ASSIGNMENT - Please return the data word for word and leave out any picture it contains.

GIVEN INFORMATION -
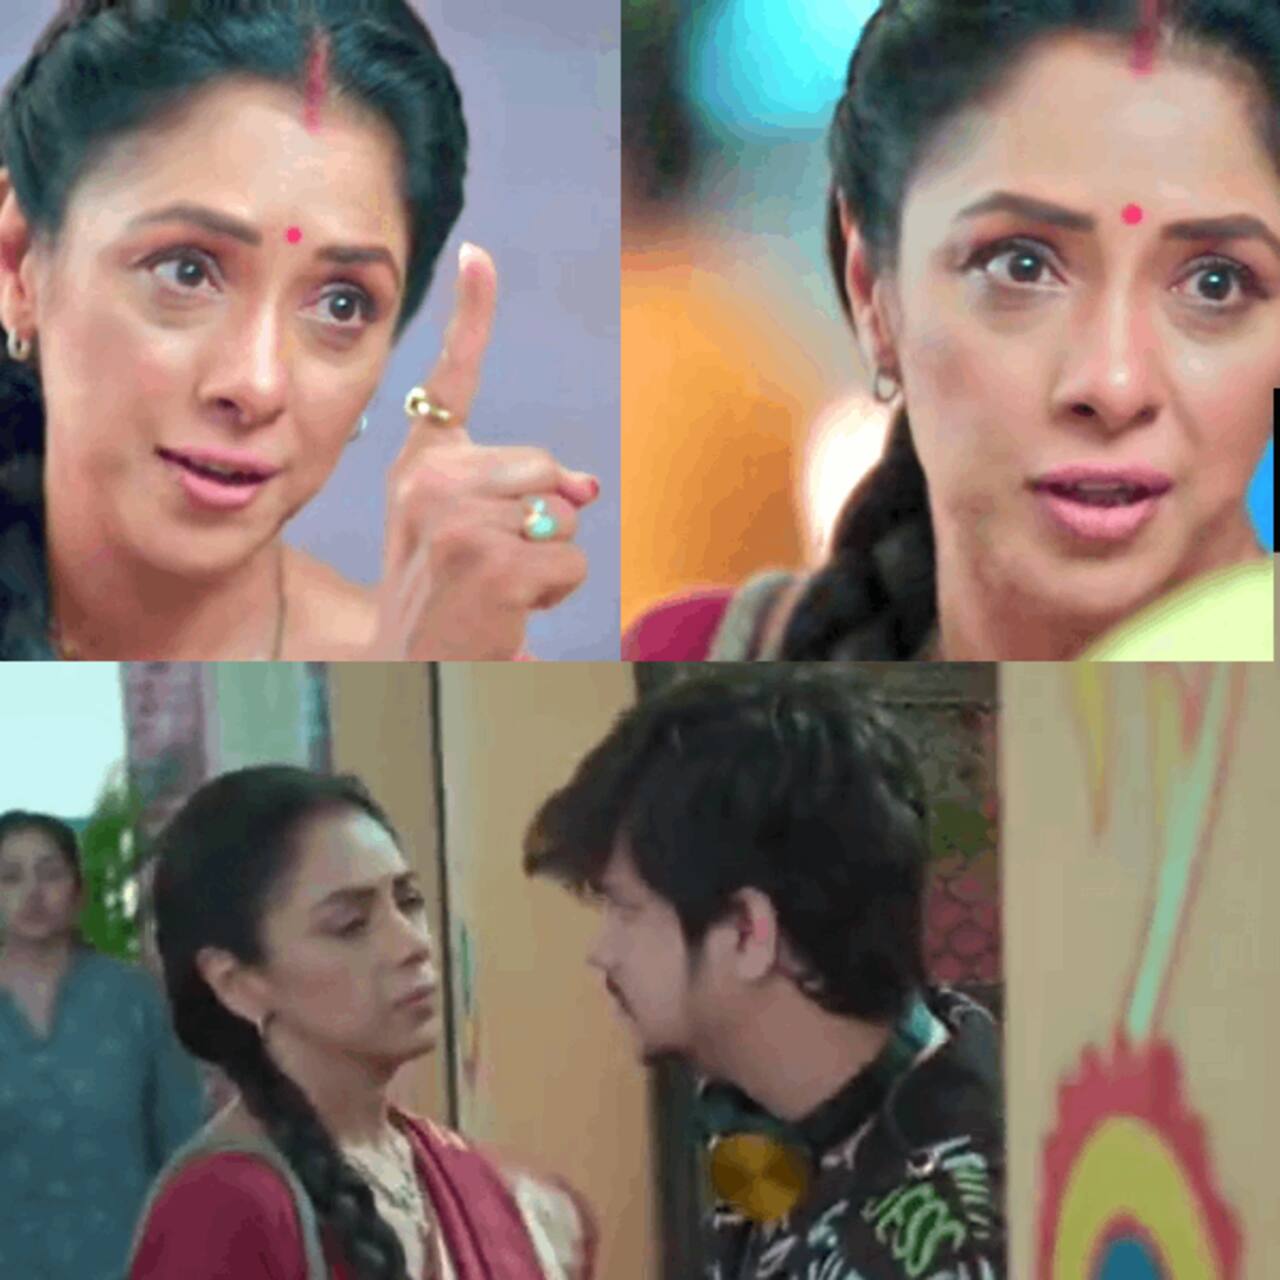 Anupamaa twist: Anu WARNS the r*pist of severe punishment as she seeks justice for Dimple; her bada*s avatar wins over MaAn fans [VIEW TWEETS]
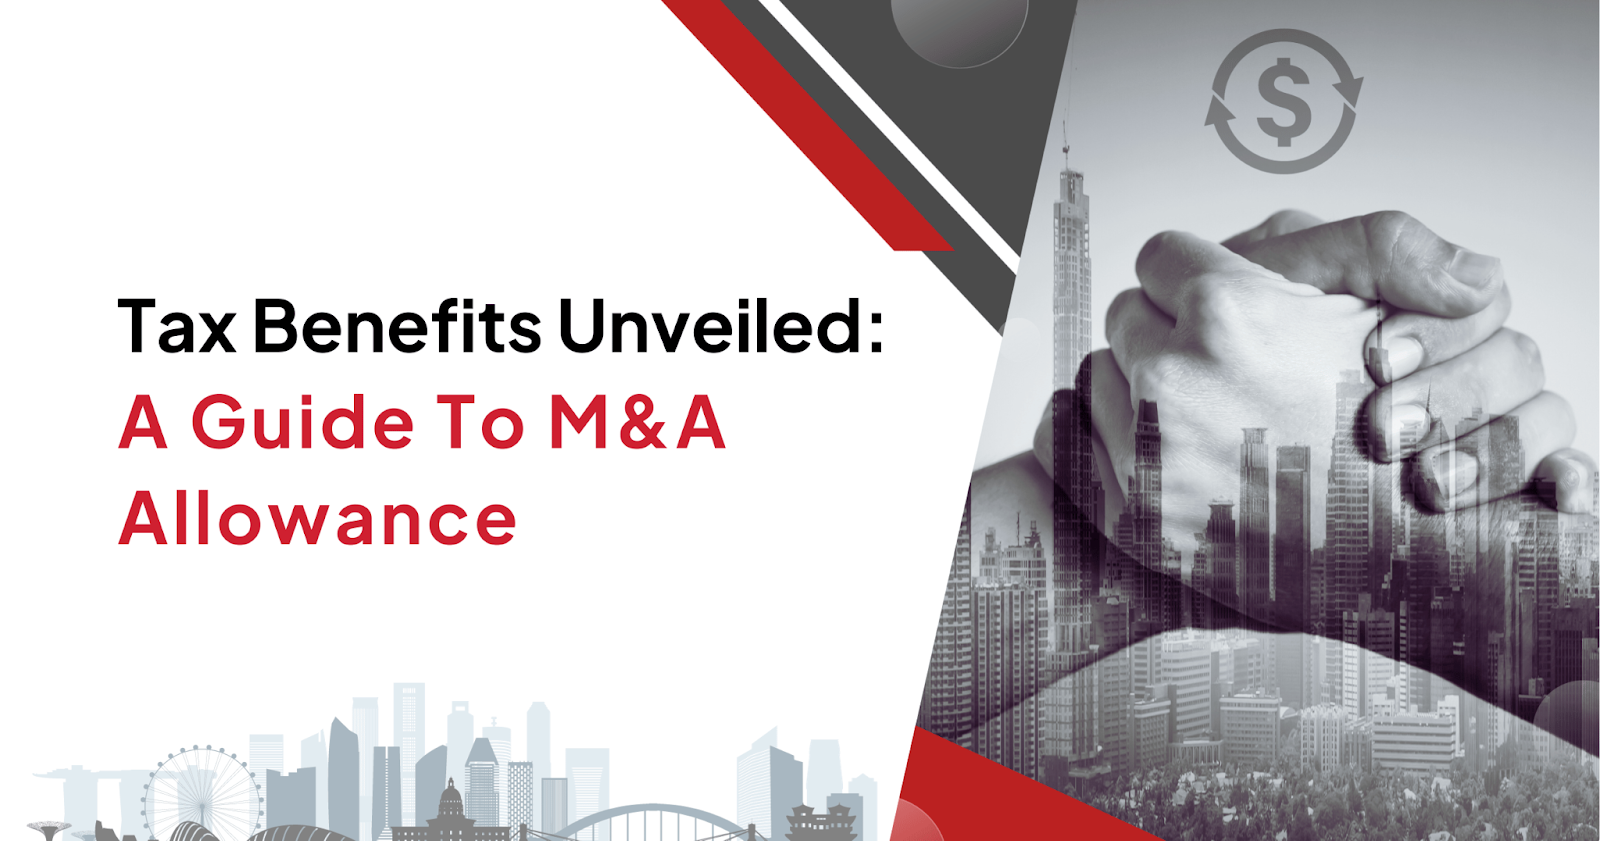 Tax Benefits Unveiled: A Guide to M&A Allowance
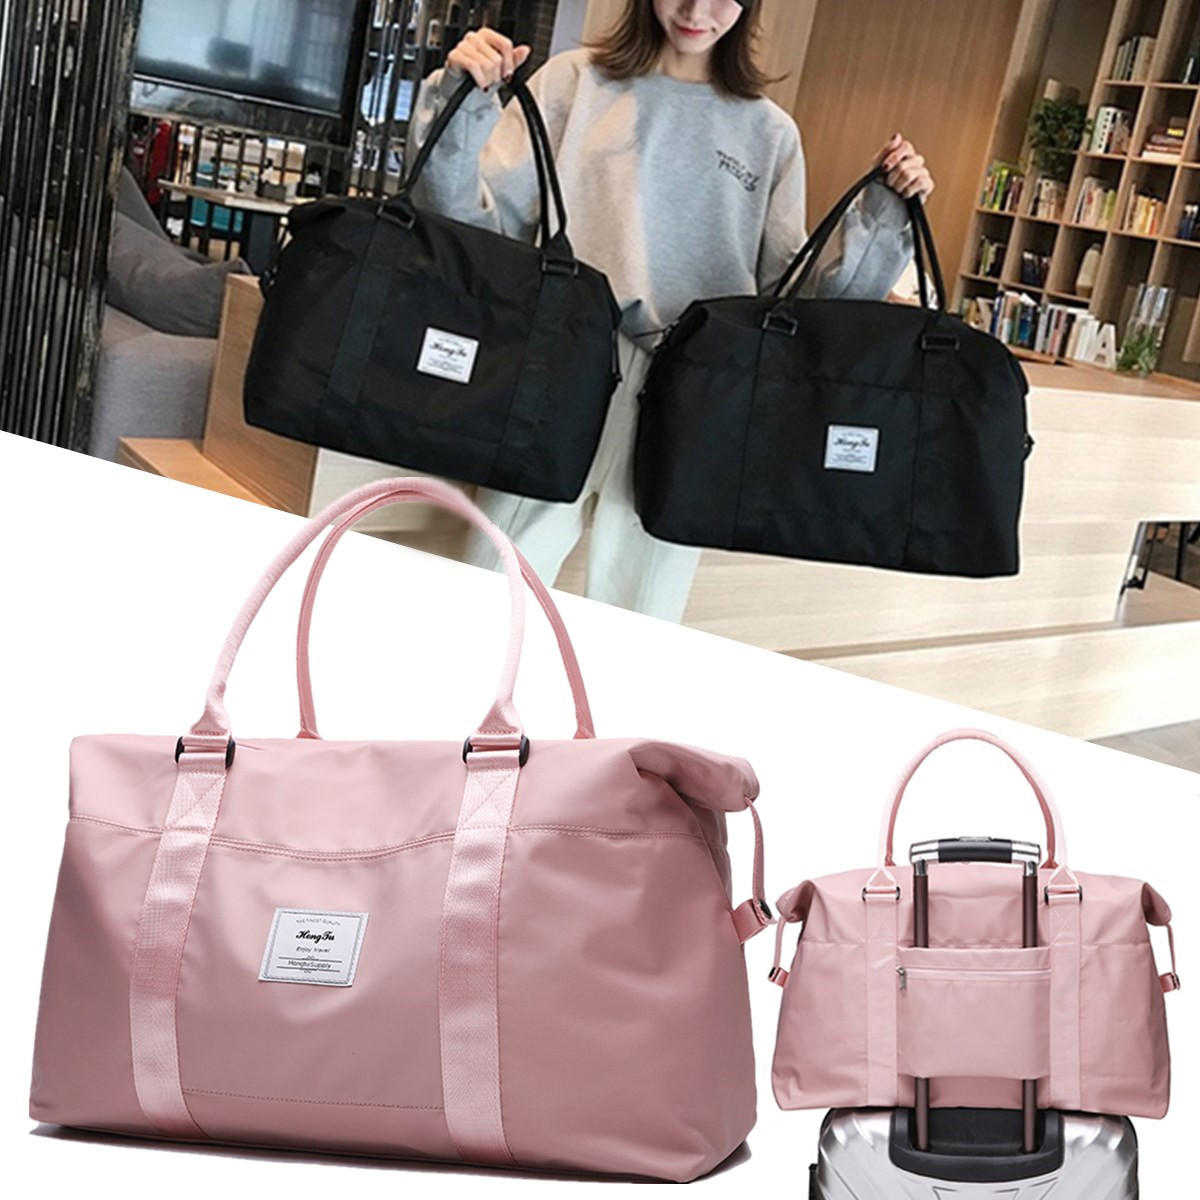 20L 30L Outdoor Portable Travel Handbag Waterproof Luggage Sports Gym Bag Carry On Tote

RESPONSE AREA -
 Anupamaa twist: Anu WARNS the r*pist of severe punishment as she seeks justice for Dimple; her bada*s avatar wins over MaAn fans [VIEW TWEETS]
 Tax Benefits Unveiled: A Guide to M&A Allowance
 20L 30L Outdoor Portable Travel Handbag Waterproof Luggage Sports Gym Bag Carry On Tote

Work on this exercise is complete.